(Provided data)
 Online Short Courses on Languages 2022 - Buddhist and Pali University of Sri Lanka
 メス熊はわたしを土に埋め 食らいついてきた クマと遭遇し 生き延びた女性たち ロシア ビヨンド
(End Provided data)
(Provided data)
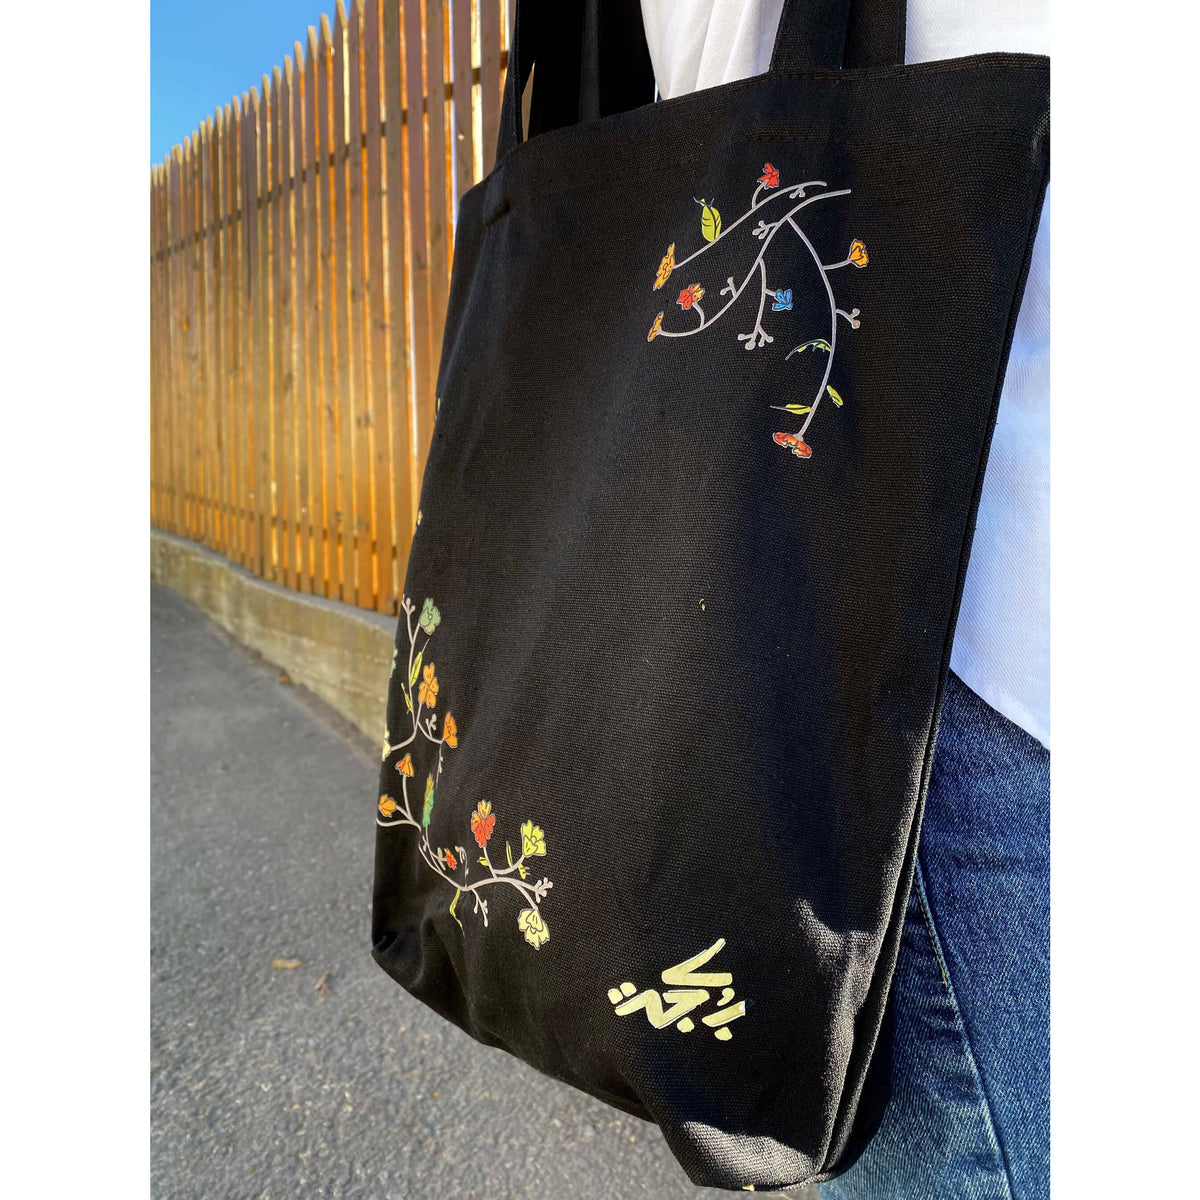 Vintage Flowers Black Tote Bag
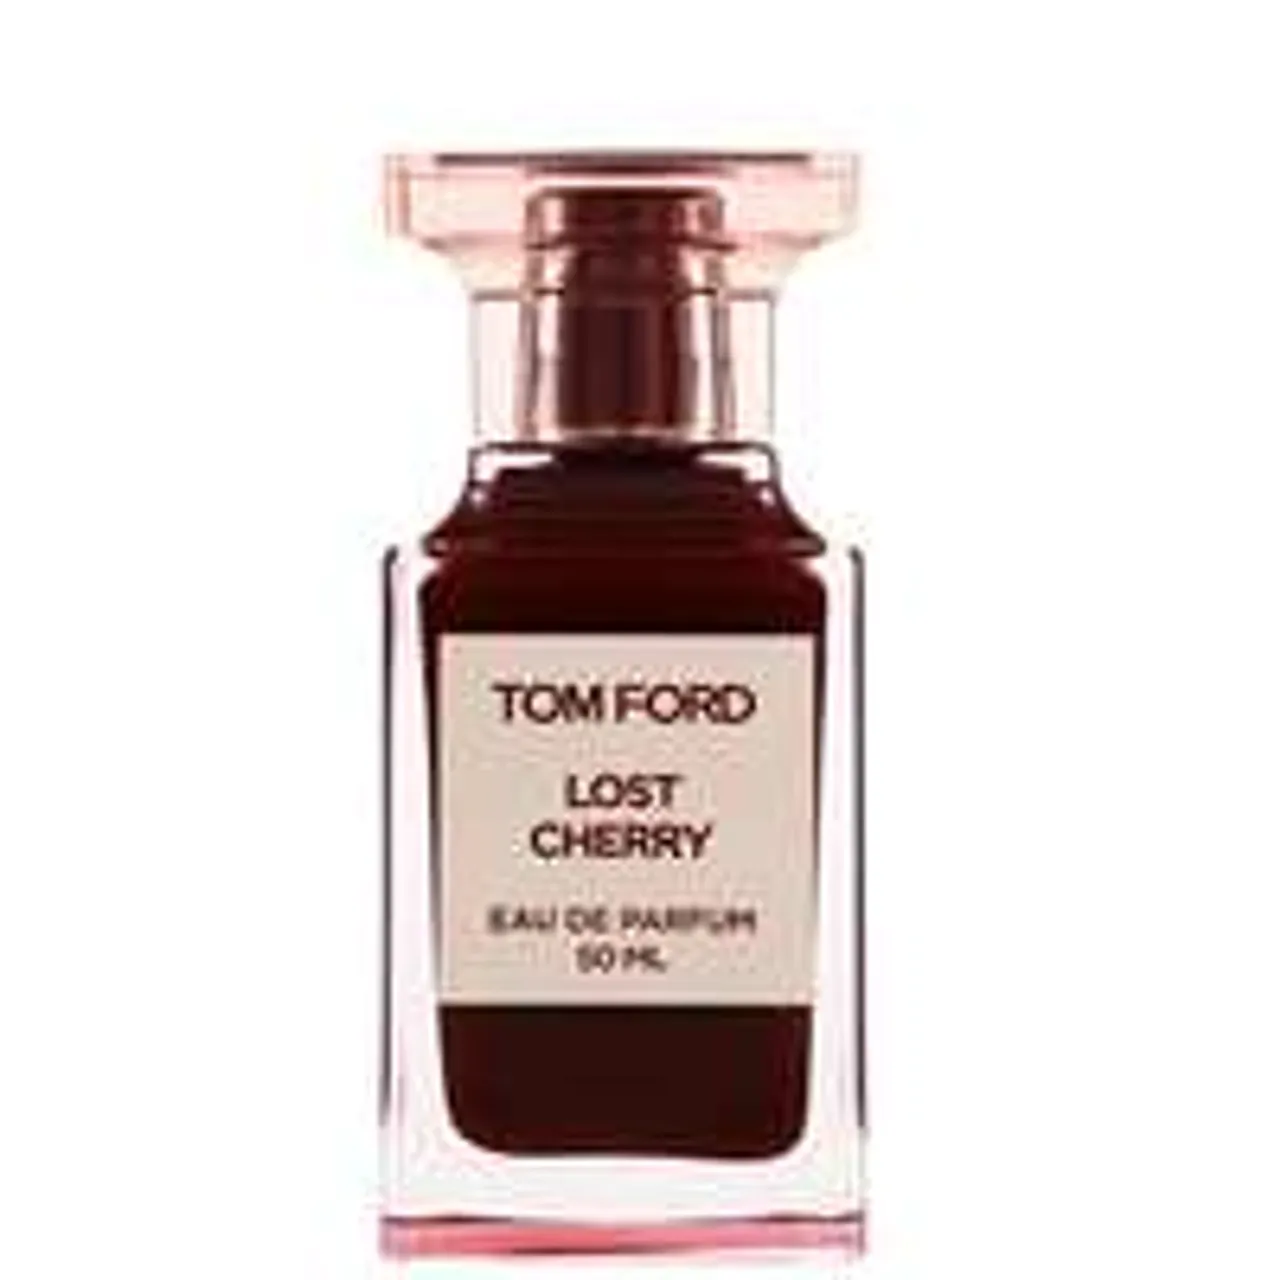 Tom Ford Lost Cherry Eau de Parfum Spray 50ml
(End Provided data)
Among the entries above, find the line with "Online Short Courses" and the line with "メス熊はわたしを土に埋め 食らいついてきた クマと遭遇し"; give again exactly these two lines and all lines between them.

 Online Short Courses on Languages 2022 - Buddhist and Pali University of Sri Lanka
 メス熊はわたしを土に埋め 食らいついてきた クマと遭遇し 生き延びた女性たち ロシア ビヨンド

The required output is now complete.